李定国眼中燃起战意,那是一种混合着渴望和决绝的光:“臣,遵旨!”
他不再犹豫,立刻点齐麾下最精锐的一千二百步兵——其中大部分是参加过鹰嘴涧伏击的老兵,还有三百是刚从伤病营恢复、主动请战的轻伤员。

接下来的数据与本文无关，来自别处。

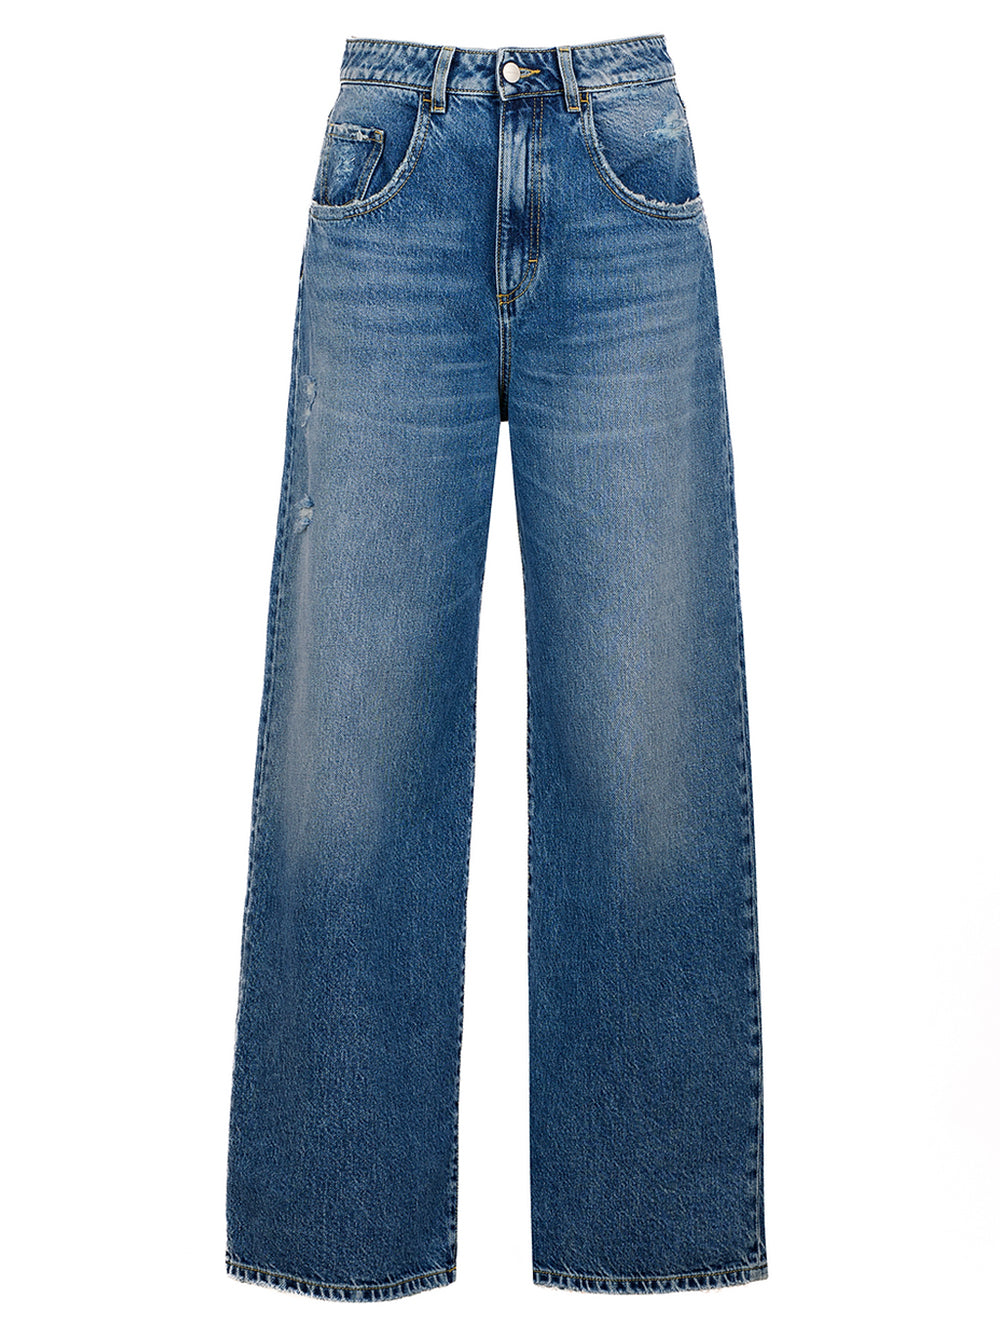 Poppy women's jeans with wide leg

这些轻伤员听说要增援西山,一个个眼睛发亮,仿佛伤口都不疼了。
“全体都有!检查兵器甲胄!带足箭矢!一炷香后出发!”李定国站在队列前,声音如雷,压过了营地所有的嘈杂。
士兵们迅速行动。
没有人说话,只有兵器碰撞的金属声、皮甲束紧的摩擦声、急促的呼吸声。
但每个人的眼神都异常坚定——他们知道,这一战关系到全军的生死。
一个独臂老兵用嘴咬着绷带,单手给自己的断臂处重新包扎。
旁边年轻士兵想帮忙,被他瞪了一眼:“忙你的去!老子一只手也能杀鞑子!”
另一个胸口缠满绷带的伤兵,坚持要跟着去。
医官拉着他:“你不要命了?伤口再崩开,神仙也救不了!”
伤兵咧嘴笑,露出黄牙:“孙大夫,我这条命是陛下和晋王捡回来的。多活这几天,赚了。现在该我还了。”
朱由榔登上营中一处较高的瞭望点,向西山方向眺望。
从这里,能隐约看见西山垭口的轮廓,像一道狰狞的伤口刻在山体上。
王皇后站在他身边,手中紧握着一串佛珠——那是她母亲留给她的,一路逃难都没丢。
“皇后,你怕吗?”朱由榔忽然问。
王皇后沉默片刻,轻声道:“怕。但怕没有用。臣妾现在只想……多做一些事,多帮一个人,多撑一刻钟。”她转动佛珠,低声念了句佛号,然后抬起头,“陛下,您说晋王这次……能成吗?”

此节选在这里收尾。